Scan the listing below for the word "Winter" and copy every line where it occurs.
::::::::
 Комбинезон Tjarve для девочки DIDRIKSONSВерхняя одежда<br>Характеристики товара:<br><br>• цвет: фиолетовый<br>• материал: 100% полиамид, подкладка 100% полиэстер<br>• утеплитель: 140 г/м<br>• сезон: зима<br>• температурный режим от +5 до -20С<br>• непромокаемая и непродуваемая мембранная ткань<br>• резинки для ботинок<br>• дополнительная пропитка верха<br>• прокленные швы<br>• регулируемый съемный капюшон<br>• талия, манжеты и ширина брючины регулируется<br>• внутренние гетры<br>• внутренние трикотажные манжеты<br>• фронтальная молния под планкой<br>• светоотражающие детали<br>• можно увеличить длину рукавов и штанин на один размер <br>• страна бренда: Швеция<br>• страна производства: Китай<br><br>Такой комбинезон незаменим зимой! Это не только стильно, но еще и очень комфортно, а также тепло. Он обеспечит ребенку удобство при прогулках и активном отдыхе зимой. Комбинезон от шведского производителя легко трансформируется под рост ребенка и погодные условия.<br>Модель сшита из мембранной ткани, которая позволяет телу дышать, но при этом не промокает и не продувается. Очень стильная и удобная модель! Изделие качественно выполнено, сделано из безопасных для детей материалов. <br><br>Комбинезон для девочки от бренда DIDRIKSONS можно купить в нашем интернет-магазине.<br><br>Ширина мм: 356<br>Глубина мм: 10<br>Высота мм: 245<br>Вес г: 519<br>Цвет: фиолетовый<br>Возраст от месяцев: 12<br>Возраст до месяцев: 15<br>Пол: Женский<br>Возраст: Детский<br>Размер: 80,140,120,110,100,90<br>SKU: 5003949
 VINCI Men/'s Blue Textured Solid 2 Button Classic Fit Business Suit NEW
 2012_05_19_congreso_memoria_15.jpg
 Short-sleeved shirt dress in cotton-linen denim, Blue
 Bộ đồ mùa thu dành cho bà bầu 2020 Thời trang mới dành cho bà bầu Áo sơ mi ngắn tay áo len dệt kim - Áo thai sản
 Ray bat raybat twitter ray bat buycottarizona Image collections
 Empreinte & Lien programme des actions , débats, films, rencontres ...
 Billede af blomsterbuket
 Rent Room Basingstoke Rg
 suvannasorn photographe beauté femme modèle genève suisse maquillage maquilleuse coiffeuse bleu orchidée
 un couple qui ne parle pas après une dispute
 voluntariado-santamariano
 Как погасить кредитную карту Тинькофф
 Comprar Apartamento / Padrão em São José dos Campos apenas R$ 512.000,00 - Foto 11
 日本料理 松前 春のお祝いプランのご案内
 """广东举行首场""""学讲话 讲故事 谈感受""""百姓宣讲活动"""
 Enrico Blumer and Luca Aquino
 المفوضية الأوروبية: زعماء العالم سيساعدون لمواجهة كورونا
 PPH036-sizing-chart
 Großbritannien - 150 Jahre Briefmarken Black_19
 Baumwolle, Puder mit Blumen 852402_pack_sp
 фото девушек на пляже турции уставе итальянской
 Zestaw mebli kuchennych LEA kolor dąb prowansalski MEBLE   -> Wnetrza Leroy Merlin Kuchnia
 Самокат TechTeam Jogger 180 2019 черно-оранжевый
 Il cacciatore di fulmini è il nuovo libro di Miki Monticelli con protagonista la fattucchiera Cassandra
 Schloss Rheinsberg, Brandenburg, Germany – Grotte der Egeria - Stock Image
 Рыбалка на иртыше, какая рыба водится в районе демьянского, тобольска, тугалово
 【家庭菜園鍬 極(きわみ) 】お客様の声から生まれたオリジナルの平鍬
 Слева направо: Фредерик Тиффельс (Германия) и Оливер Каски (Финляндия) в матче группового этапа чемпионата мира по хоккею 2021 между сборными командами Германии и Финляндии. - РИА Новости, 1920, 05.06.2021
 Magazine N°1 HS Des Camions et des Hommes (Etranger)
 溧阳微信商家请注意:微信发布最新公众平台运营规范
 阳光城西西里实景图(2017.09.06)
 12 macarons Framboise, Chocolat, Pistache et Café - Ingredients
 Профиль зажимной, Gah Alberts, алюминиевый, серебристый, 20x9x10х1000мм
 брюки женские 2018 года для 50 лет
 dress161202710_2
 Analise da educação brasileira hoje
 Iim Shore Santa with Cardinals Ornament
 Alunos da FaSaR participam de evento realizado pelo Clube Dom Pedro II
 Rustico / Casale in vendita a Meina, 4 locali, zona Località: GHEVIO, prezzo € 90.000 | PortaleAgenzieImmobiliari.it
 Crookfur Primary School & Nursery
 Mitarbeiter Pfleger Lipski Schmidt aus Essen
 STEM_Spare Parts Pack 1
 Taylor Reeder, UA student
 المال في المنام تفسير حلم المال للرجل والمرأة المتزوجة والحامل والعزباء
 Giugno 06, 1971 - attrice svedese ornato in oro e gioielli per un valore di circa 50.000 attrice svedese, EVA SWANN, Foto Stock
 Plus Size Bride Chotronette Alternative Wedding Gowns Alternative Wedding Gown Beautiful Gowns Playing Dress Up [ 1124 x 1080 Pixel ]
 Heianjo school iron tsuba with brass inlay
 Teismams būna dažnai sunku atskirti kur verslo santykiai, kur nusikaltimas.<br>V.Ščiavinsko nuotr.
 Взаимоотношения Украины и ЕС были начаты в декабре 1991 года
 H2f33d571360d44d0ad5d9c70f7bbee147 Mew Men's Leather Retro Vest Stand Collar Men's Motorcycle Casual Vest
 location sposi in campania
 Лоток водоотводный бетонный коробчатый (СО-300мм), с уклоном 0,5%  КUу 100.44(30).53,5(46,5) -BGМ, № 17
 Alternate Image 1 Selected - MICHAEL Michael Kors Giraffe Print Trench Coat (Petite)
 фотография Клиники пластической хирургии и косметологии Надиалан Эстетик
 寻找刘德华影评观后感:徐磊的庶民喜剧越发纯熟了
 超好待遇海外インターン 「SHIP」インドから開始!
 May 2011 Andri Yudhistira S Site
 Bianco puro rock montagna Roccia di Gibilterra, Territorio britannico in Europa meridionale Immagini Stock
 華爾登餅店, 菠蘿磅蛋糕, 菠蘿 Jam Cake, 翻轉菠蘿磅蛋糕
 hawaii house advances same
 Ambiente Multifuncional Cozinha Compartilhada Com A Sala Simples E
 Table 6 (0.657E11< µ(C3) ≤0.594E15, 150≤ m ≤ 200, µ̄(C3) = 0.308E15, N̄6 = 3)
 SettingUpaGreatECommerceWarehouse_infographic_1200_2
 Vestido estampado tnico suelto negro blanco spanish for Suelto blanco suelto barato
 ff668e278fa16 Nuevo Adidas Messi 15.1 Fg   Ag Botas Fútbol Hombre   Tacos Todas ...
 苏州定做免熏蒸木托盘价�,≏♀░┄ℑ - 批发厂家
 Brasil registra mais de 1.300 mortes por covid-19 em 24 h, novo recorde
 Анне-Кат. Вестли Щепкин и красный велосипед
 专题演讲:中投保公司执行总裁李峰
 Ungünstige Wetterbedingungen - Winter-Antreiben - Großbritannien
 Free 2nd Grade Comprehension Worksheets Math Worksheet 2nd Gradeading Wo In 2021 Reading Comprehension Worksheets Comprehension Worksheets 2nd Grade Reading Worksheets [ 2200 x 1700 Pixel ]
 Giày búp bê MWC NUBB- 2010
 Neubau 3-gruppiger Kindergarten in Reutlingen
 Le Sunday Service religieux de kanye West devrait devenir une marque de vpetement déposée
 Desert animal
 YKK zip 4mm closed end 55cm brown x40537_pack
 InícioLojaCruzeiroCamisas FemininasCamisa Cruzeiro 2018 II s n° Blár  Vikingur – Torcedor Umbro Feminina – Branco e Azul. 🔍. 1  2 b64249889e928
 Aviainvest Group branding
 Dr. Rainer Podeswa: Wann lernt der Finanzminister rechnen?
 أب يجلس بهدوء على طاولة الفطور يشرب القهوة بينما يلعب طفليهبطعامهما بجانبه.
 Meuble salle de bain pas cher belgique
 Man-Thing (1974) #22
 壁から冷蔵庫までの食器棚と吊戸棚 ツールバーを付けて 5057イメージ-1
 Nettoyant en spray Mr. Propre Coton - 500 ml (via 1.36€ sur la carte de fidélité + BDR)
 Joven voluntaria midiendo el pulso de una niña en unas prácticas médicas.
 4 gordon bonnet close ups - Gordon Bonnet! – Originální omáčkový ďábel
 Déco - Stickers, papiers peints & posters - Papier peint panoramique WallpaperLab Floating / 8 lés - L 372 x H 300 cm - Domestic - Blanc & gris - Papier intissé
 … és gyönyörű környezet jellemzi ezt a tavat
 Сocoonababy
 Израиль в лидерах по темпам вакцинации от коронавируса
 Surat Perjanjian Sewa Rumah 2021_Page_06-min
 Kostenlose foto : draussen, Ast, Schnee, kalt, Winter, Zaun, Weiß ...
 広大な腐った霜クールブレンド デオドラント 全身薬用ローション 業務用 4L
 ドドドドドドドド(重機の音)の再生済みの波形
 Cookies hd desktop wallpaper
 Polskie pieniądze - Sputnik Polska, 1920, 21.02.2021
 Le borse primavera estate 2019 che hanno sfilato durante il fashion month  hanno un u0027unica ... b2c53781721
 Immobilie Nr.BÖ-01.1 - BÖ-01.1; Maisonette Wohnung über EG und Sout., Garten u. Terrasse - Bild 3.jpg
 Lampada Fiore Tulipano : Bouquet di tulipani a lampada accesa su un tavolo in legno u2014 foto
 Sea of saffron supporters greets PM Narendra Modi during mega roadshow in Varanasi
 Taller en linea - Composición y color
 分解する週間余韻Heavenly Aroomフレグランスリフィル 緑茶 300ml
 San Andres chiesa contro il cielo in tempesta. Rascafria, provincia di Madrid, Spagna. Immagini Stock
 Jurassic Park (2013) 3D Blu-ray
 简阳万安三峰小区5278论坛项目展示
::::::::
#### Response:
 Ungünstige Wetterbedingungen - Winter-Antreiben - Großbritannien
 Kostenlose foto : draussen, Ast, Schnee, kalt, Winter, Zaun, Weiß ...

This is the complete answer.